Dimensions
224 x 153 x 24mm
In 1817 four young brothers opened a printing shop in downtown Manhattan, and almost two centuries later, their small enterprise has grown into and remained one of America's leading publishers. The Harper brothers and their sons and successors created a cultural institution that has over the years published many of the works we prize as America's literary heritage.
Throughout Exman's history of Harper, we encounter anecdotes and stories about authors including Charles Dickens, George Eliot, William Thackery, Thomas Hardy, Herman Melville, Henry James, Mark Twain, and Aldous Huxley, as well as Edna St. Vincent Millay, Thomas Wolfe, Thornton Wilder, and E. B. White.
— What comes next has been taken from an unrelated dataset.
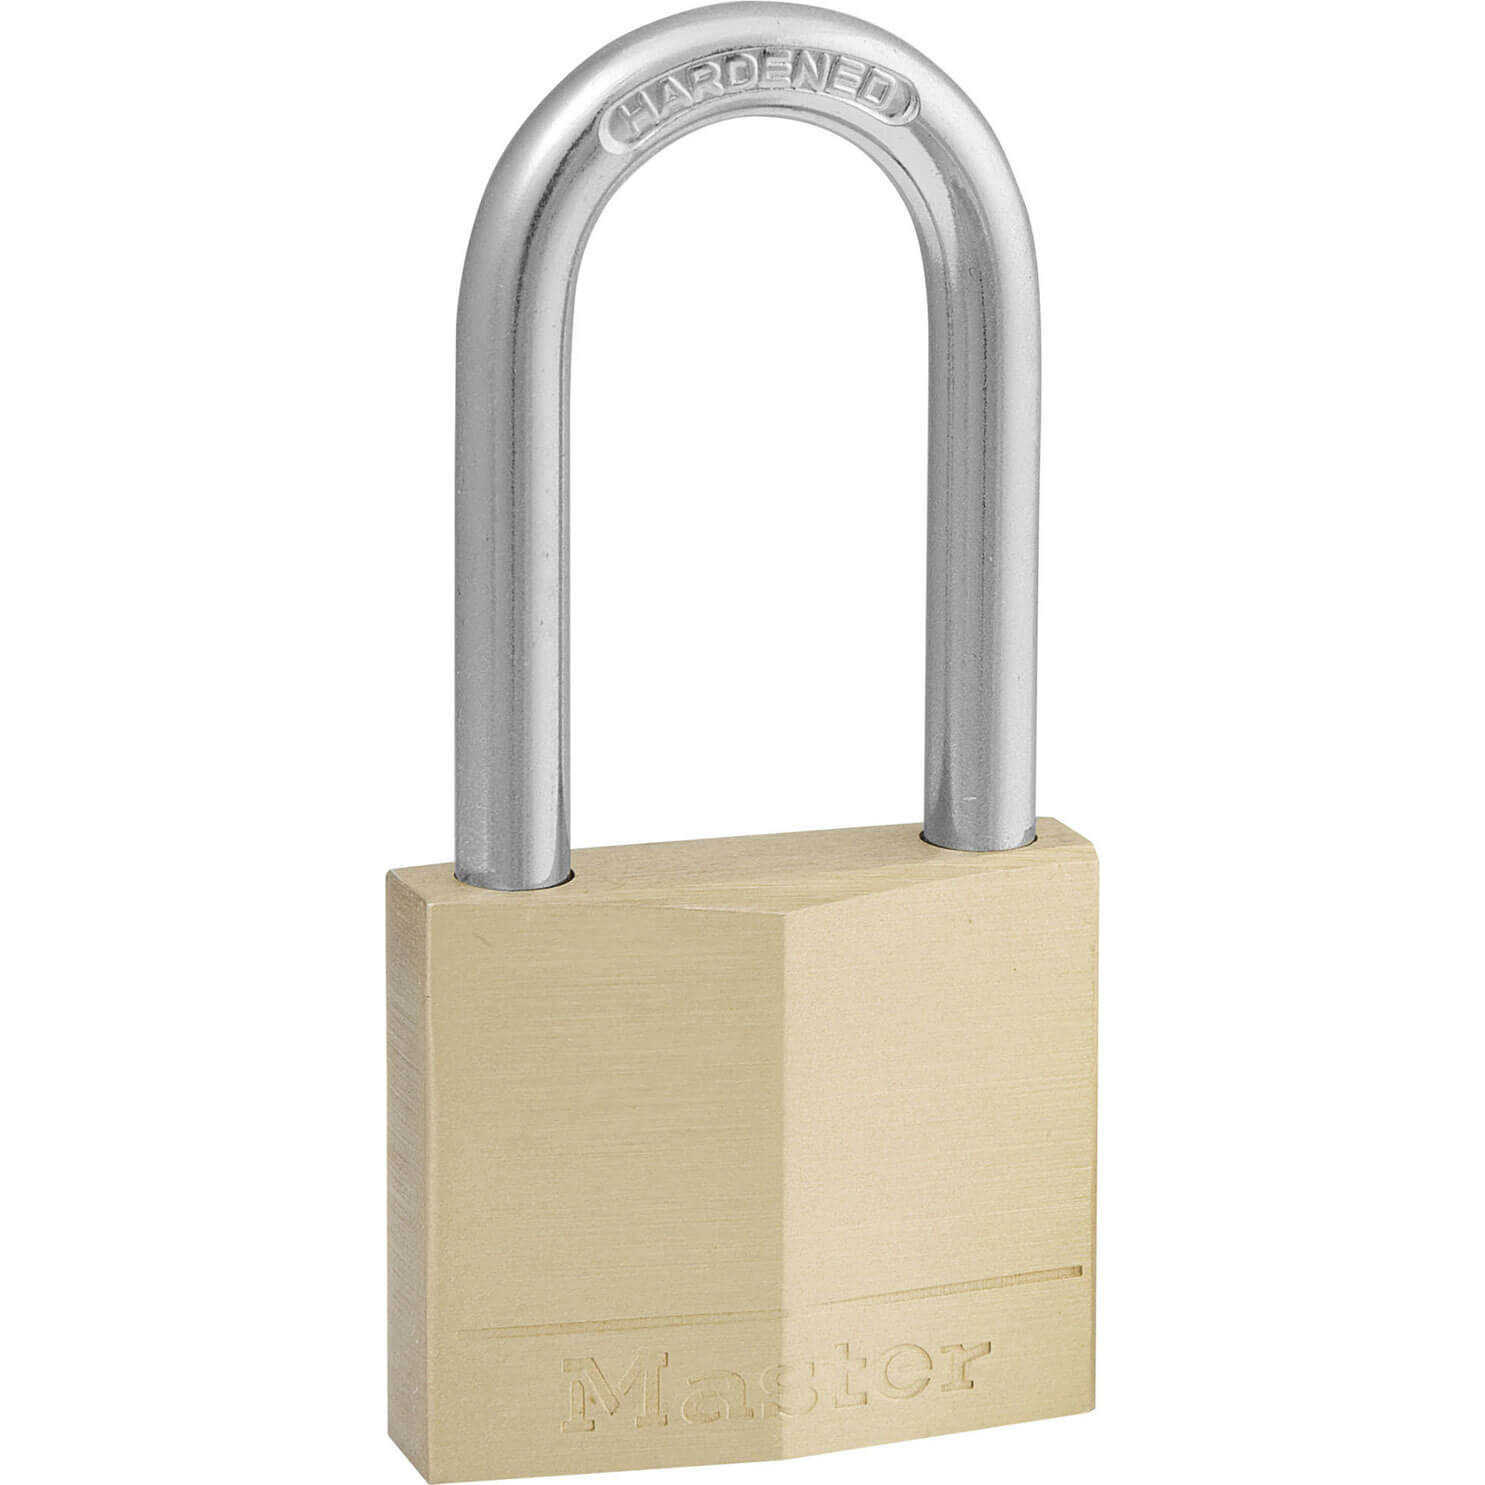 Photos - Door Lock Master Lock Masterlock Solid Brass Padlock 40mm Long 140LF 
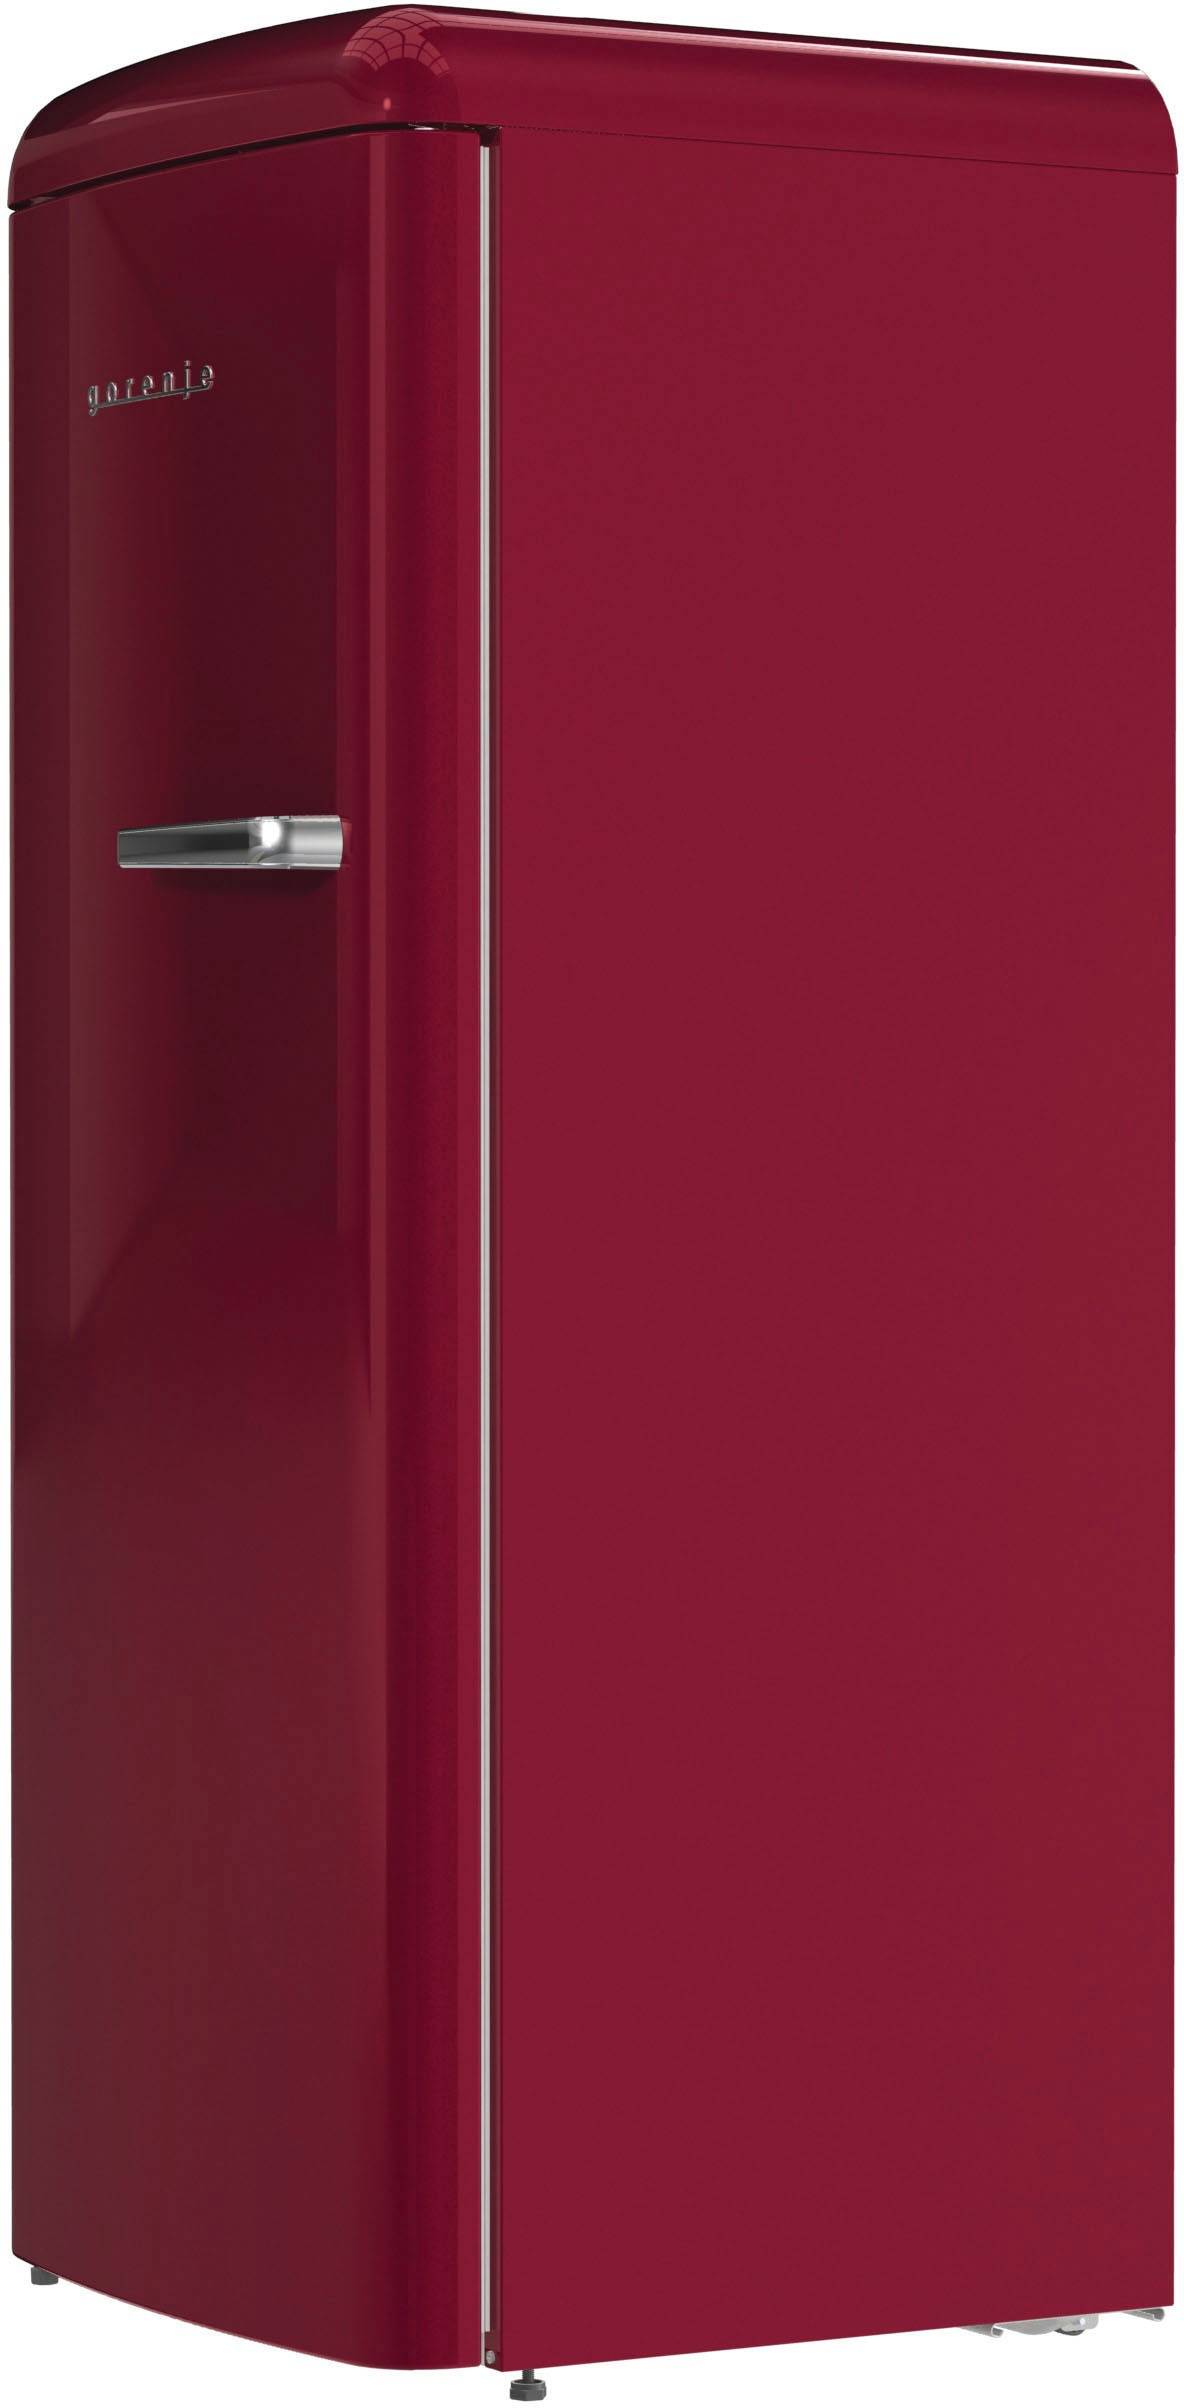 GORENJE Kühlschrank, ORB615DR-L, 152,5 cm hoch, 59,5 cm breit kaufen | Kühlschränke

Here also is the story of Harper's periodicals, illustrated by artists such as Winslow Homer and said to be capable of influencing wars and affecting presidential elections.
In tracing Harper's changing fortunes-including a bankruptcy averted by J. P. Morgan (who said that to lose the house would have been a national calamity)-and its outstanding literary and editorial achievements, Eugene Exman provides a history of a long-lived and vital enterprise. It is also an inside view of the development of American letters, telling how such authors, their colorful and dynamic editors, and many others helped to shape America's literature firsthand and to direct the currents of our culture.
Bringing this lively account up to the present day will be a new introduction by Columbia scholar Jennifer Lee.